5333 private links
u/ABC_AlwaysBeCoding (OP)
....
A few days in I started to see some unexplained panics/freezes. Some Steam games would fail validation... Something was wrong. I ran btrfsck and... it reported problems. I couldn't repair them without booting off another disk so I found my Manjaro USB key I made and booted off that again and attempted to --repair the btrfs drive.
FAIL. It was unable to do it. Unrecoverable errors. The partition was basically hosed! WTF? Luckily I only had "game data" on it and it was all synced with the cloud!
Initially I blamed BTRFS. I was mad. I had heard Ubuntu 19.10 now has experimental ZFS-on-root support out of the box. I was intrigued. I said "fuck it", made an installer key and wiped my disk and ran with it.

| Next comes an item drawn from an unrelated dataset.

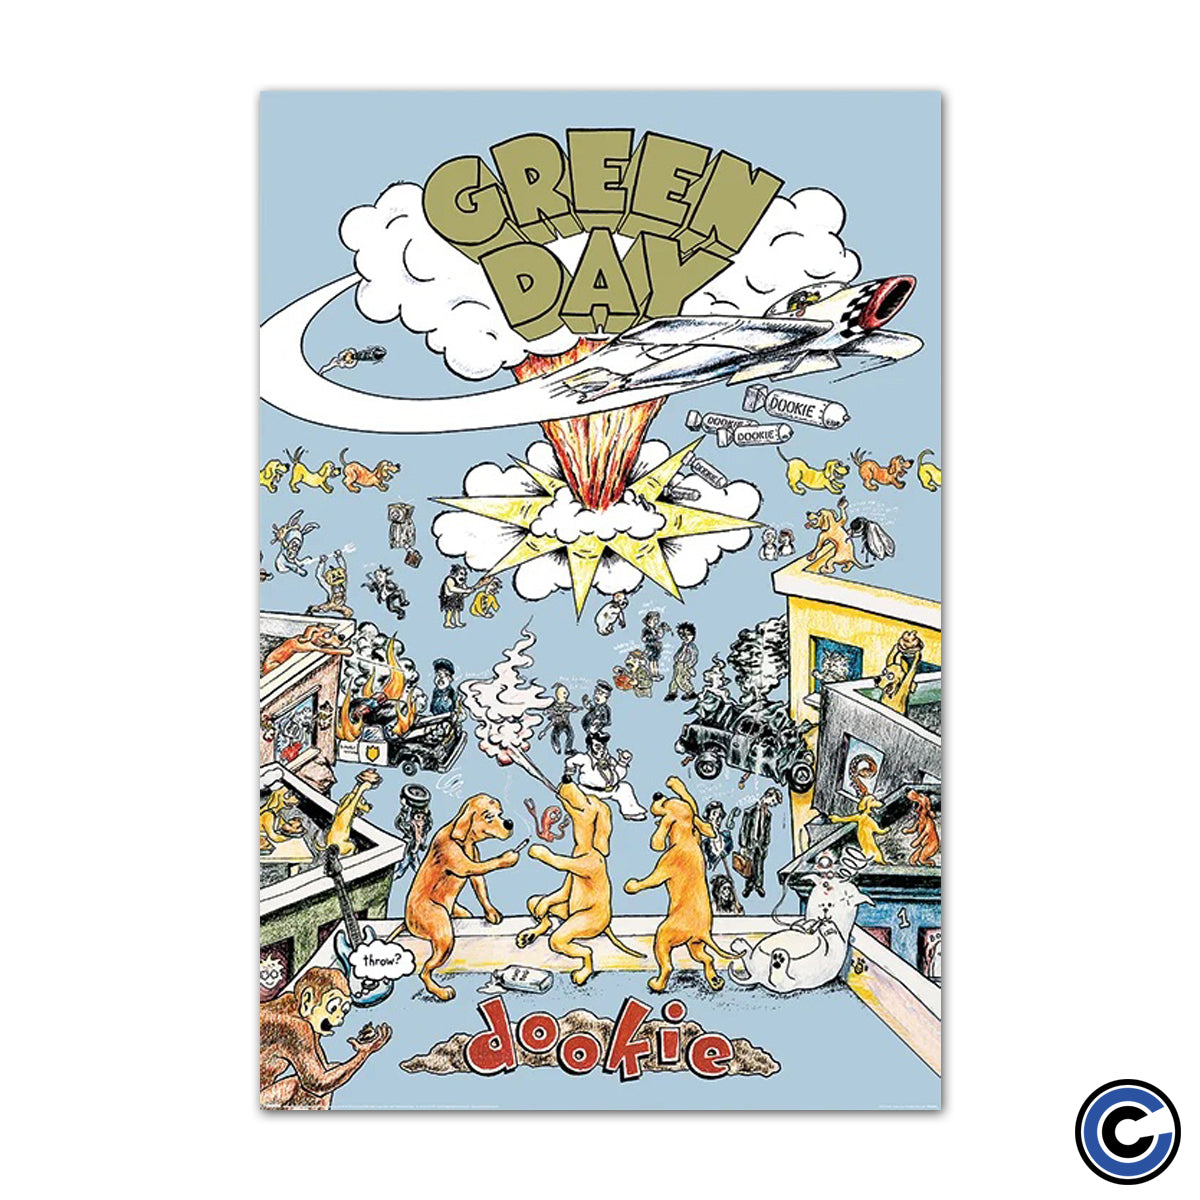 Green Day "Dookie" Poster

Things went fine until... I was installing some big game and... things just stopped. But not like "hang" stopped, I could still move windows around and keyboard input still appeared on the screen, which told me the CPU and GPU weren't the cause... fuck, it's something with the drive. It only cleared on reboot. I was afraid my data or filesystem got corrupt... turns out the former did not happen and the latter is virtually impossible with ZFS (yessss), so I tried again. Again, under heavy usage things eventually just froze. I kept trying different things now that I could duplicate it. I had the idea of forcing heavy activity via manually triggering a scrub and then watch zpool status in another window.
And then sonofabitch, I finally saw it. The drive that had just reported as ONLINE during the scrub, suddenly reported "SUSPENDED: One or more devices are faulted in response to IO failures." zpool clear did not clear it. But now I KNEW it was a drive (or enclosure, or cable, or mobo) issue. I immediately suspected the drive cable (as one does, who has been doing this sort of thing for a while), finally found another USB-A 3.1 to USB-C cable from Plugable that looked solidly built, and substituted it.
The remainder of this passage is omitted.